Harvard professor Teresa Amabile, whose transformative work I describe in Drive, has a fascinating piece in the (newly revamped) Harvard Business Review, which is just hitting newsstands.
Amabile tracked the day-to-day activities and motivations of several hundred workers over a few years and found that their greatest motivation isn’t external incentives, but something different: Making progress (or what Drive calls “mastery” — the urge to get better and better at something that matters.)
Read the whole article, which is part of HBR’s “10 Breakthrough Ideas for 2010.” But here are some key quotes:

  • “A close analysis of nearly 12,000 diary entries, together with the writers’ daily ratings of their motivation and emotions, shows that making progress in one’s work — even incremental progress — is more frequently associated with positive emotions and high motivation than any other workday event.” (Note: This the idea behind the “Keep Asking the Small Question” exercise on page 155 of Drive.)
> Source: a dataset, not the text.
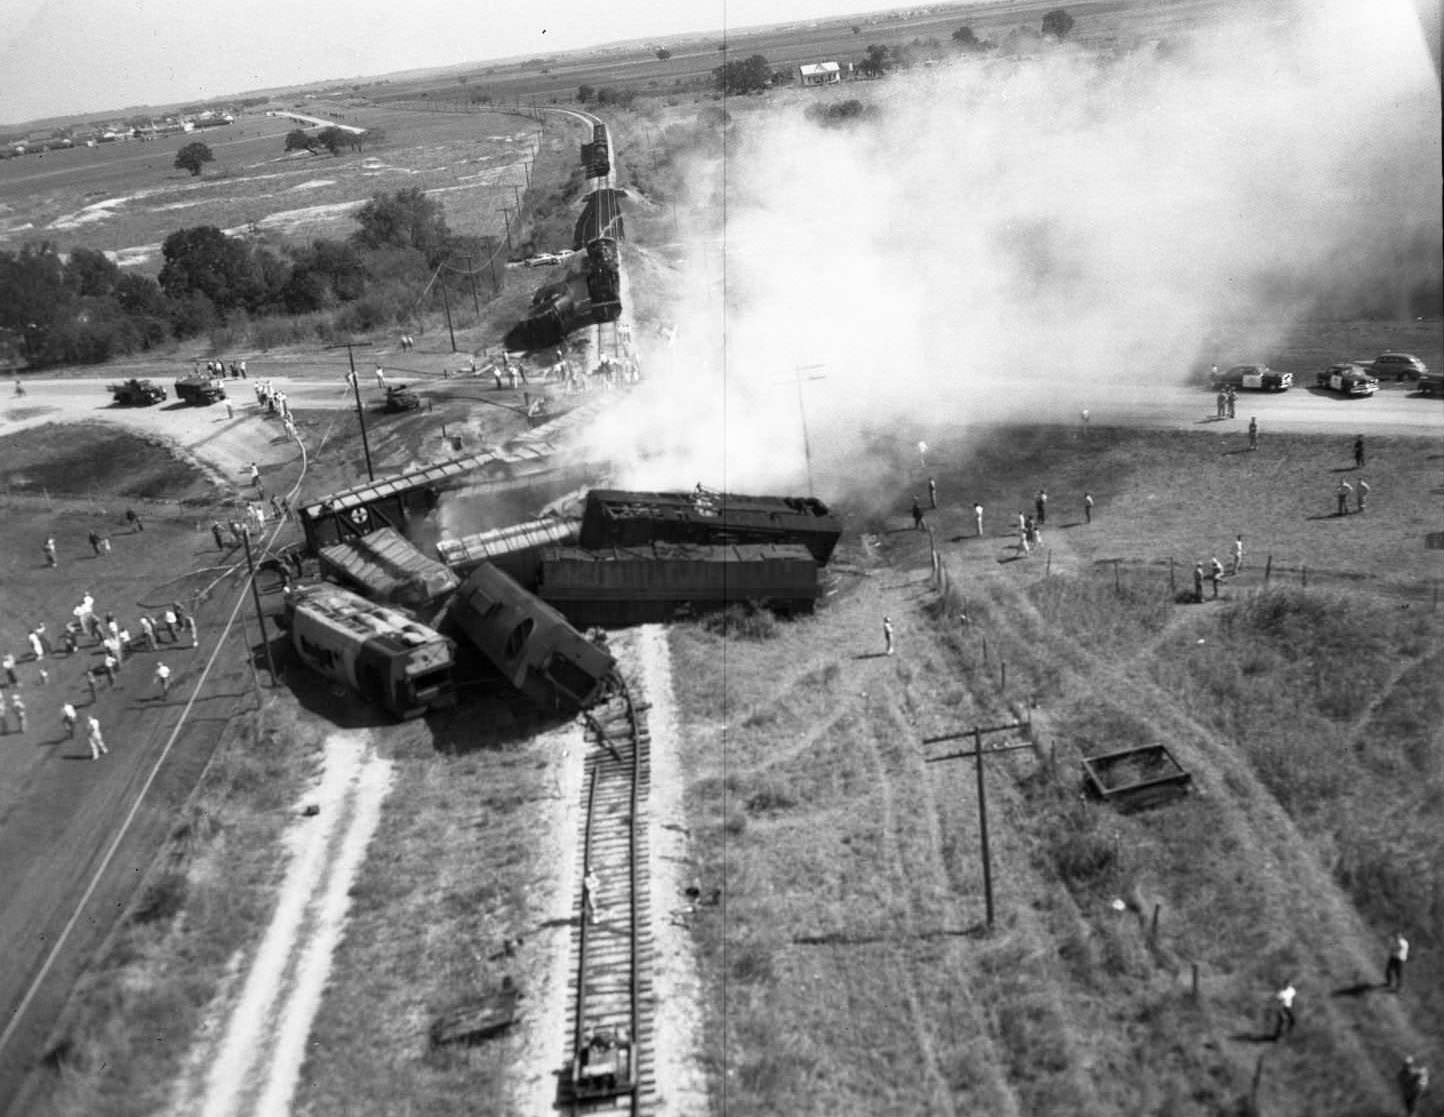 Train Wreck at San Marcos, 1950

  • “The key to motivation . . . doesn’t depend on elaborate incentive systems. In fact, the people in our study rarely mentioned incentives in their diaries.”
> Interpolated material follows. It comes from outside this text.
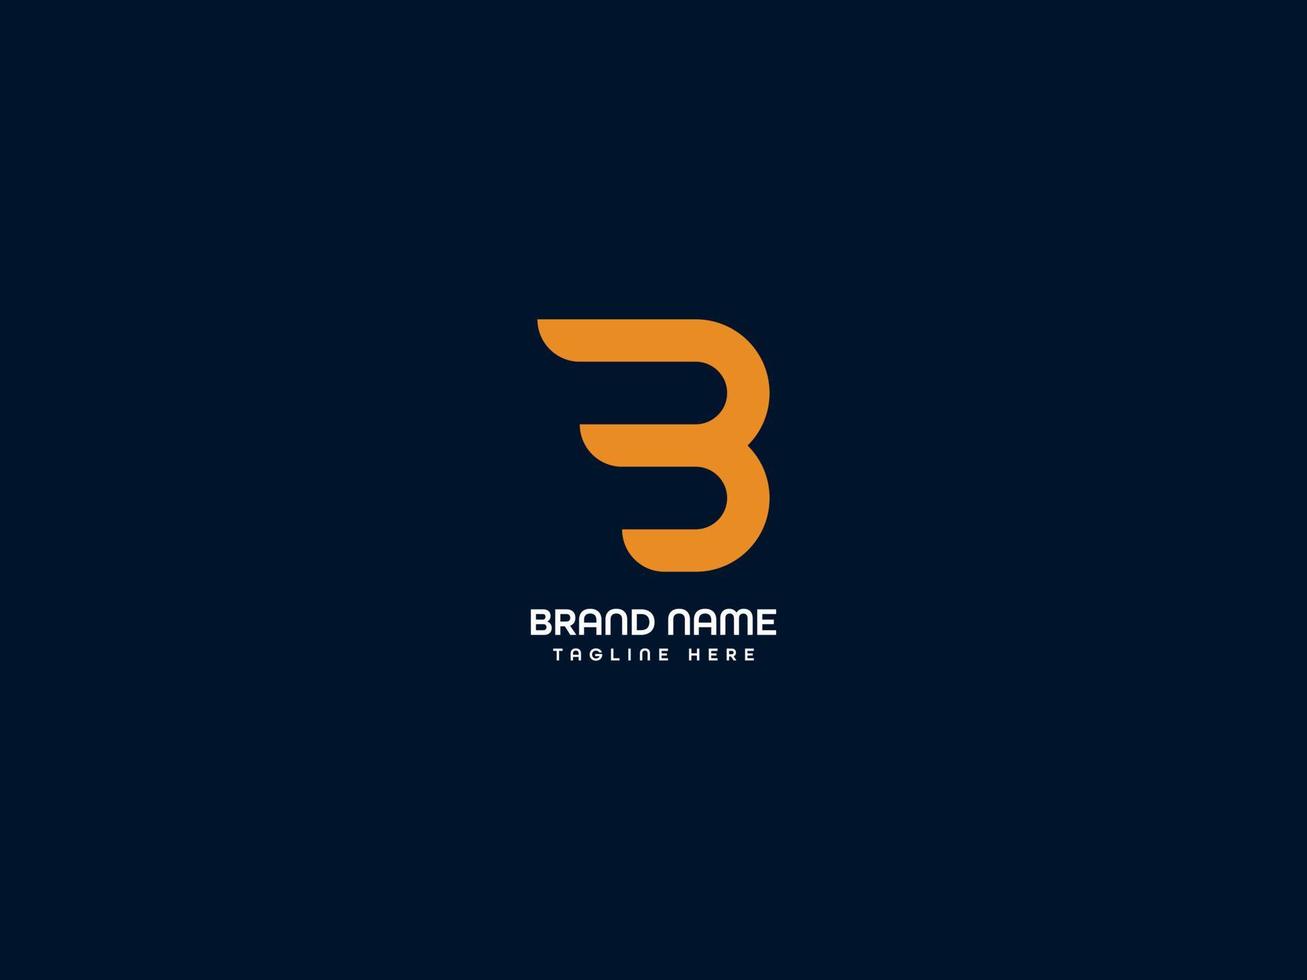 logotipo da letra b vetor

  • “On days when workers have the sense they’re making headway in their jobs, or when they receive support that helps them overcome obstacles, their emotions are most positive and their drive to succeed is at its peak.”
  • “As for recognition, the diaries revealed that it does indeed motivate workers and lift their moods. So managers should celebrate progress, even the incremental sort. But there will be nothing to recognize if people aren’t genuinely moving forward, and as a practical matter, recognition can’t happen every day.” (Note: Exactly. Drive spends a lot of time talking about “Now that” rewards and why they’re far less dangerous than contingent incentives. Also, recognition is a form of feedback, which is essential to achieving mastery.)